The bettas were mostly named for certain reasons as well (tho my son named a few). I do find that sometimes with the bettas I'll go to say a name and another name just comes out of my mouth LOL I know of course as soon as it happens DOH I screwed up. For some reason its always with the girls too, never the boys.


----------



## Osiris (Jan 18, 2005)

Clownfish-Nemo
2nd Clownfish(the cute one)-Beki(for you babybaby!)


----------



## msdolittle (Mar 4, 2006)

Three black mollies- Denzel, Oprah and Hallie
Swordtails-Jack Janet and Chrissy
Tetras-Lois Clark and Jimmy (Jimmy is dead.......rip Jimmy)

I dont have names for either of my plecos, the khulies or the cories.


----------



## Ringo (Apr 10, 2006)

I havent really ever named my fish, dont wanna get to attached to them where i just kill them sooner or later lol.

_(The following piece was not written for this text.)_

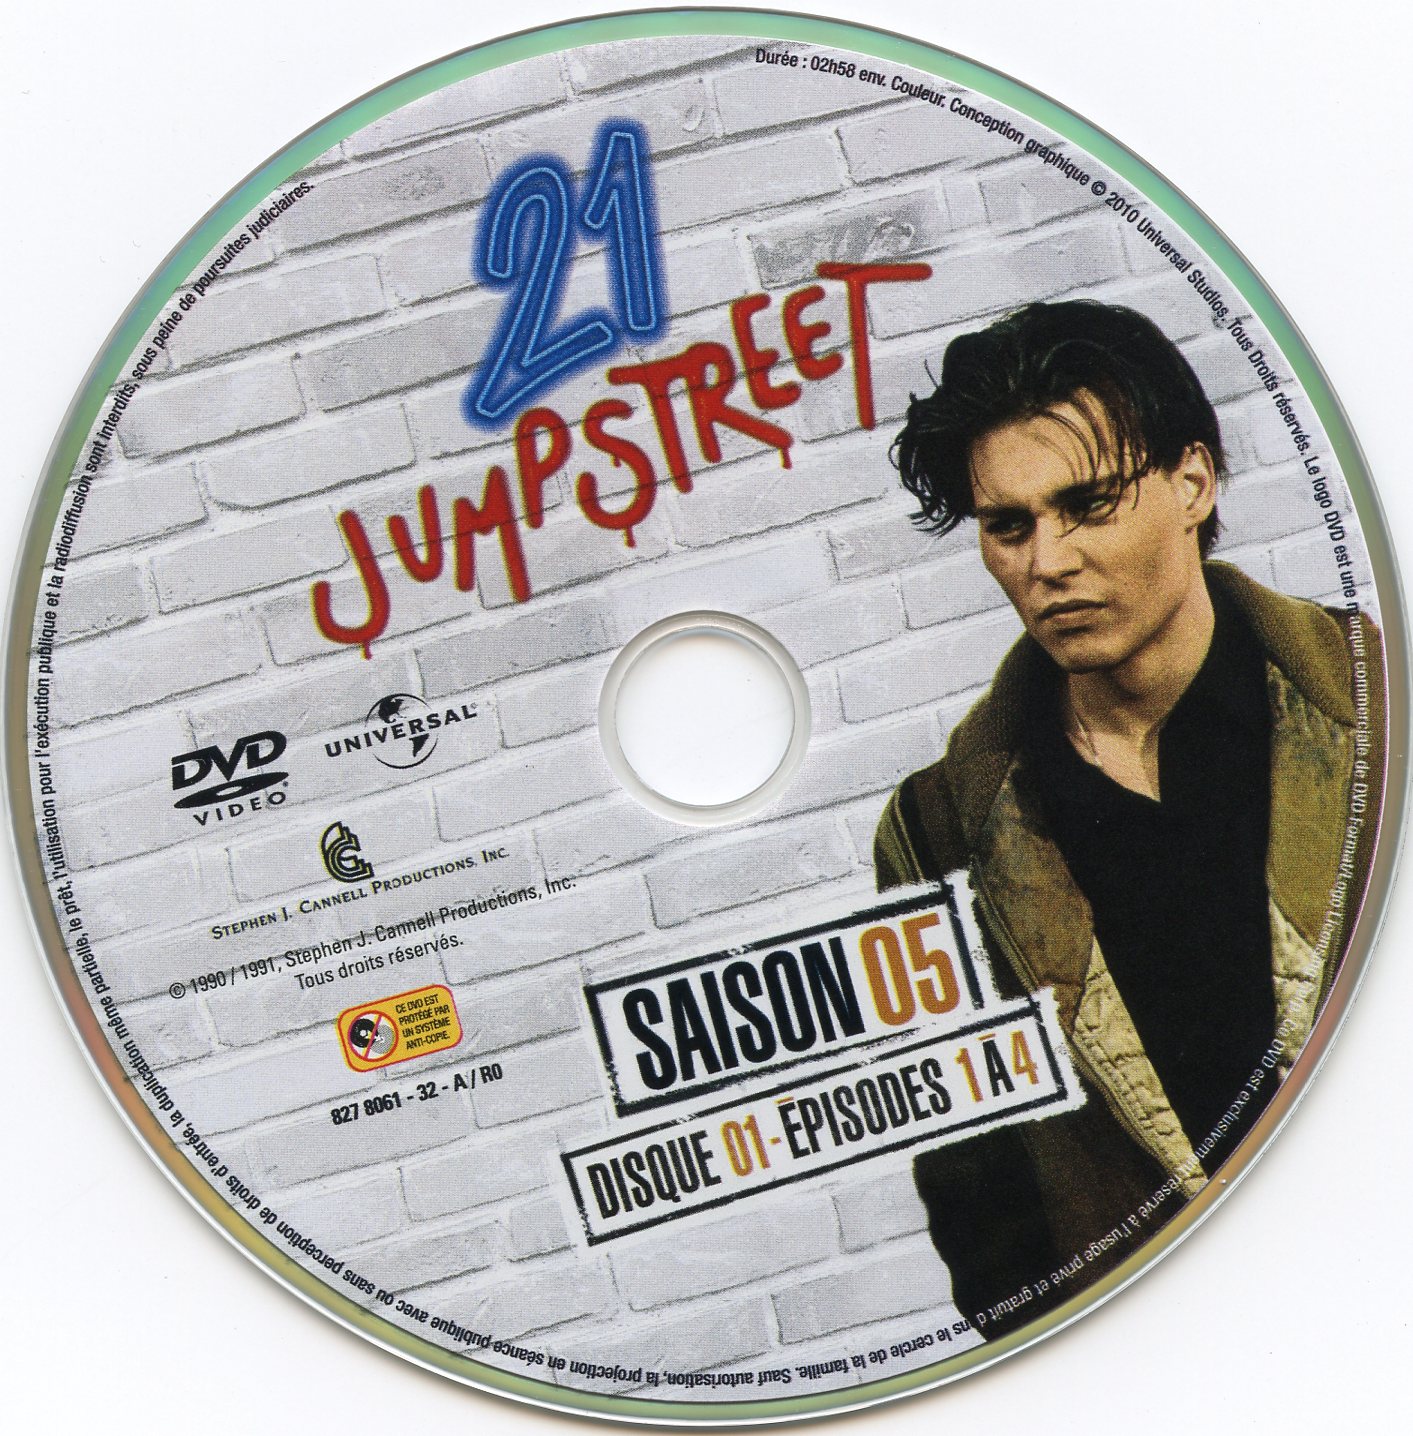 21 jump street Saison 5 DVD 1
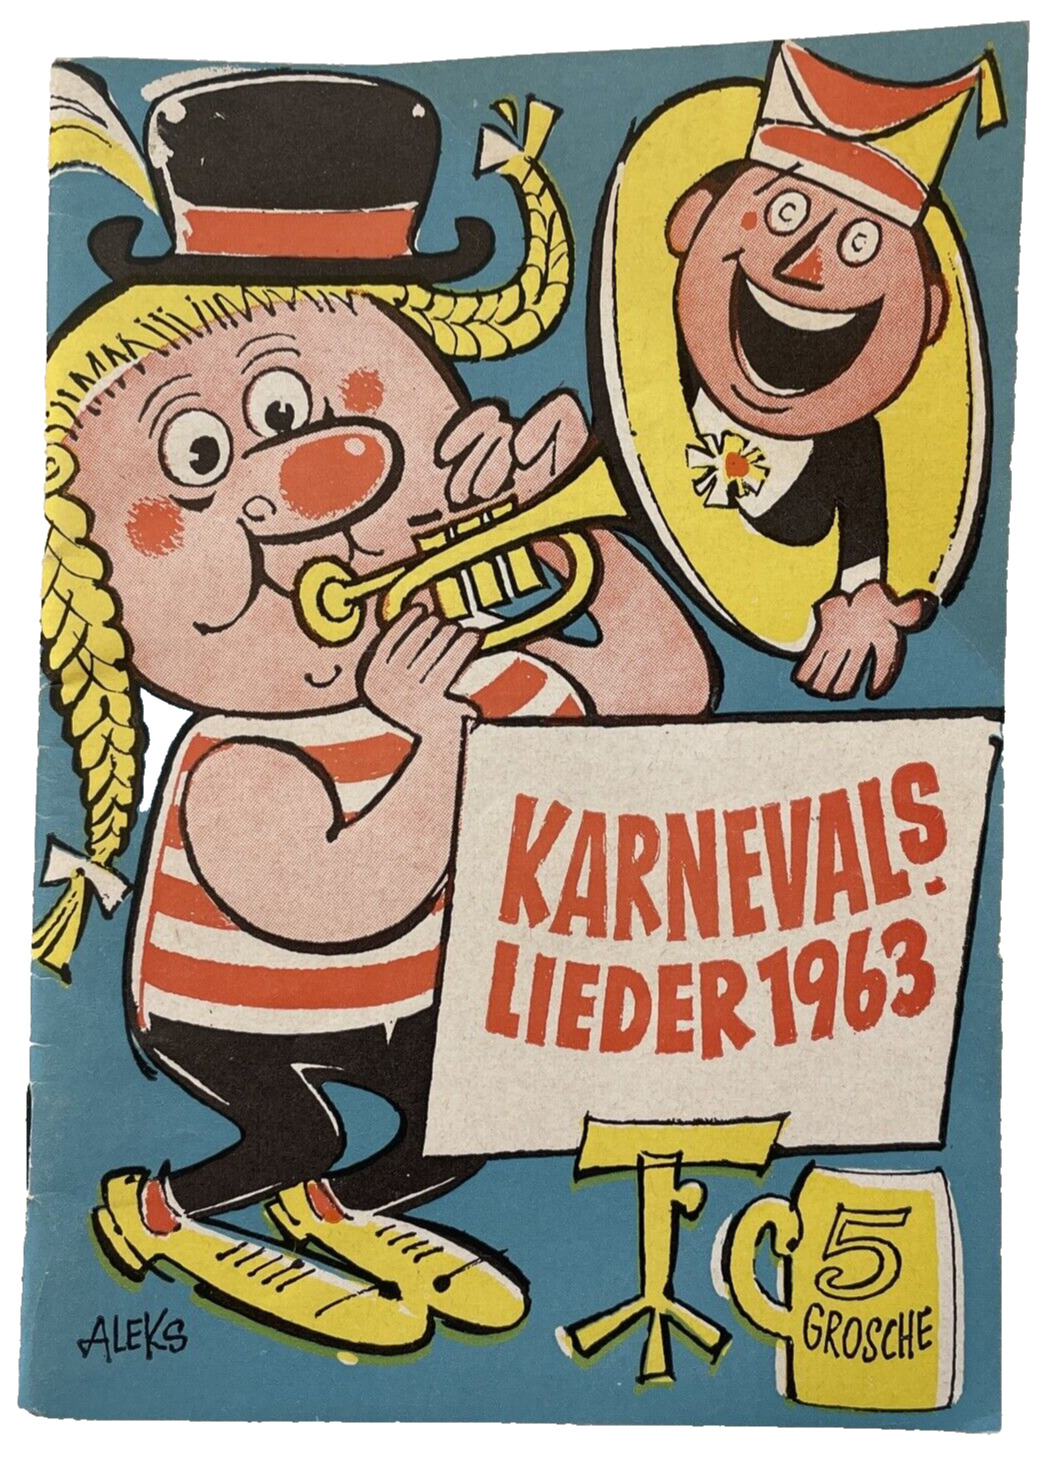 Karnevals Lieder 1963 German Music Lyrics Booklet 4x6 inches 40 pages

i did have a betta named Gilligan though, and of course my other betta (both dead) Skiiper, and my CT (dead also) Moss


----------



## CaysE (May 21, 2006)

My first gudgeon was named Goby-Wan. I also had a catfish a long time ago that I named Frankie, but you had to say it with an Italian NJ accent. He survived a lot of drive-by water problems before he finally got pinched.


----------



## Damon (Jan 18, 2005)

(10) Koi Angels named Angel
(50+) N. Multifasciatus named multis
(1) Apisto Viejita II named Apisto

I think you get the idea.


----------